However, I also don't want to pay the ridiculous prices for a Boxx machine or something of that ilk. I have a garage in which I can set up a few machines and leave them running for several hours, but I don't want to have to put aircon or a fireproofed cabinet in place.

My thoughts are as simple as getting four of these, good priced multicore machines: http://www.ebay.co.uk/itm/HP-Dual-Xeon-6-4Ghz-Desktop-Gaming-PC-Windows-7-Pro-Tower-4GB-NEW-1GB-HDMI-GFX-/141137844381?pt=UK_Computing_DesktopPCs&hash=item20dc78989d

I figure that the dual xeon setup is great for vray. The four gigs of ram should be sufficient for each node. The 1/2 terrabyte hard drives are large enough for a barebones windows and max install.

All I'll need now is a small LAN unit that I can connect the four machines plus my workstation.

Can someone with some hardware knowledge tell me if I've missed anything please? I know there are cheaper ways of acheiving the same setup if I build my own, but I can't face that at all.

All constructive input gratefully received!

Cheers,
Mike




read 1003 times
4/15/2014 11:25:16 AM (last edit: 4/15/2014 11:25:16 AM)
show user profile  Nik Clark
Seems cheap!
It's a better plan than that 10x rack you were looking at.



read 999 times
4/15/2014 11:37:38 AM (last edit: 4/15/2014 11:37:38 AM)
show user profile  BishBashRoss
4 gigs of ram isn't much these days even for nodes. I'd check what kind of RAM these machines take, some older DDR2 can be quite expensive particularly the ECC stuff that these machines appear to require. I think with the ECC DDR2 it doesn't even have the same pin layout as normal DDR2.

Then with big scenes you are going to need to transfer the data quickly between nodes to see the benefit of all 4 machines. This might require fast expensive network hardware, I imagine someone round here will be able to offer you some good advice on that.





read 988 times
4/15/2014 11:55:48 AM (last edit: 4/15/2014 11:55:48 AM)
show user profile  mike_renouf
Thanks for the input Ross. I took a look at the crucial website and discovered that there's far more to RAM than I knew. ECC ram comes in three types: Fully Buffered ECC, Registered ECC, Unbuffered ECC. There's nothing on the computer vendor's site which says which type these machines are loaded with. The spec is "4GB (4 x 1 GB) PC2-3200R DDR2-400 ECC". Also, this suggests to me that there are four slots and all are utilised.
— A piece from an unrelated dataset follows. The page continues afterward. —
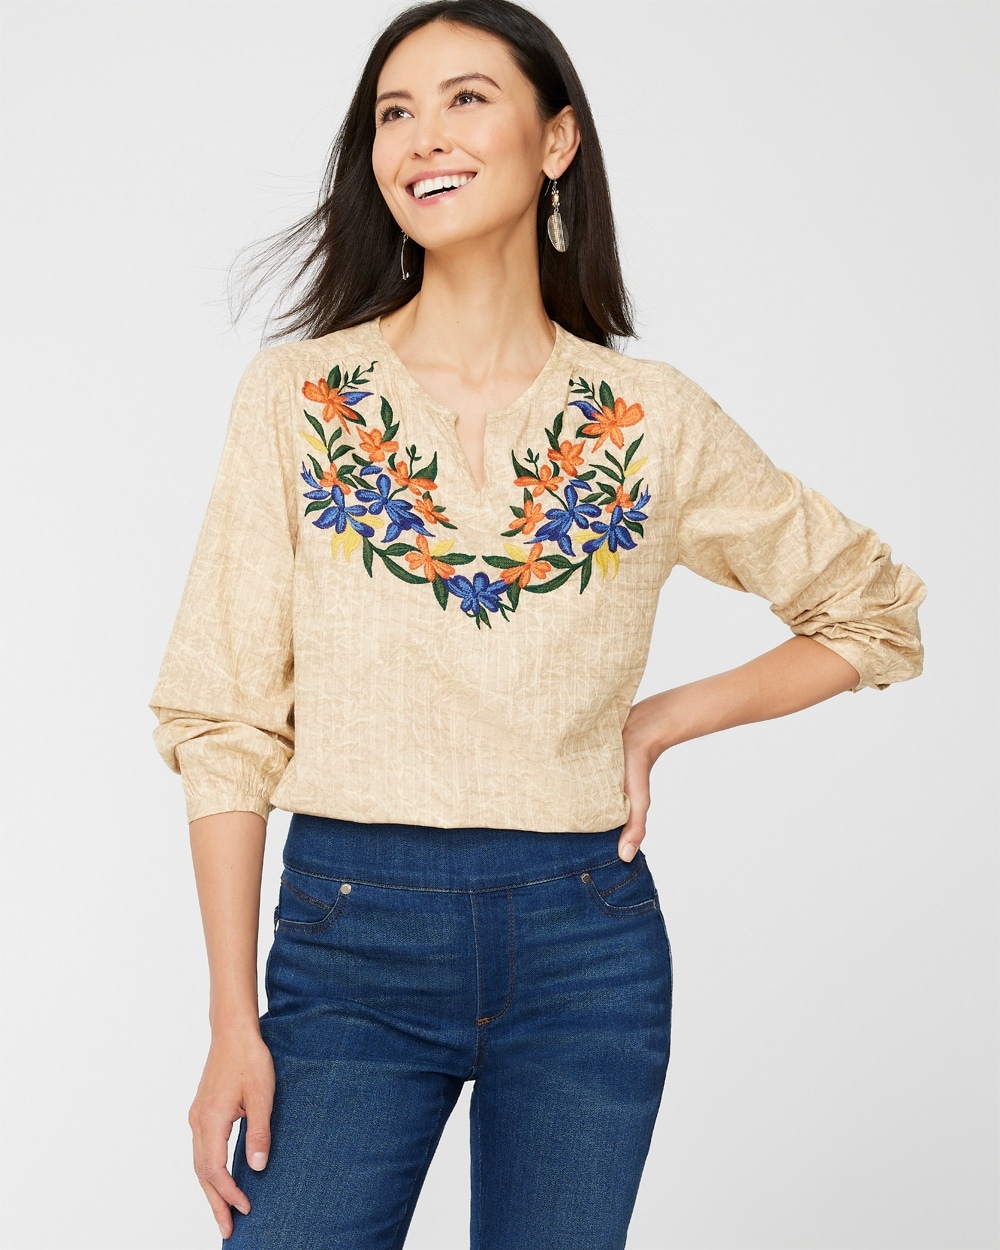 Crackle Wash Embroidered Popover Top

My workstation has 16GB of RAM but to be honest I never encountered issues when I only had 8GB in it before upgrading.

Would you go for 8GB as a minimum for the render nodes or do you think I could get away with 4GB? I've no hands on experience of distributed bucket rendering.

Again - any input gratefully received - I'm a bit in the dark, but I'm learning!




read 952 times
4/15/2014 2:01:52 PM (last edit: 4/15/2014 2:01:52 PM)
show user profile  BishBashRoss
8 GB minimum for sure. I used to have couple of old machines with just 4 gig and they would struggle on large renders. Displacement can be a killer too. 8 Gig will be fine for most scenes from my experience. You want to be future proofing to a certain degree, don't want to be shelling out more in the long run.





read 941 times
4/15/2014 2:38:21 PM (last edit: 4/15/2014 2:38:21 PM)
show user profile  reeves1984
Old ram is expensive to upgrade I've found, which is a abit annoying.. I have an old machine at home and it has 6gb and I need more sometimes just for nuke as much as anything else! But the cost of upgrading it is crazy (I guess it's all limited production as its old)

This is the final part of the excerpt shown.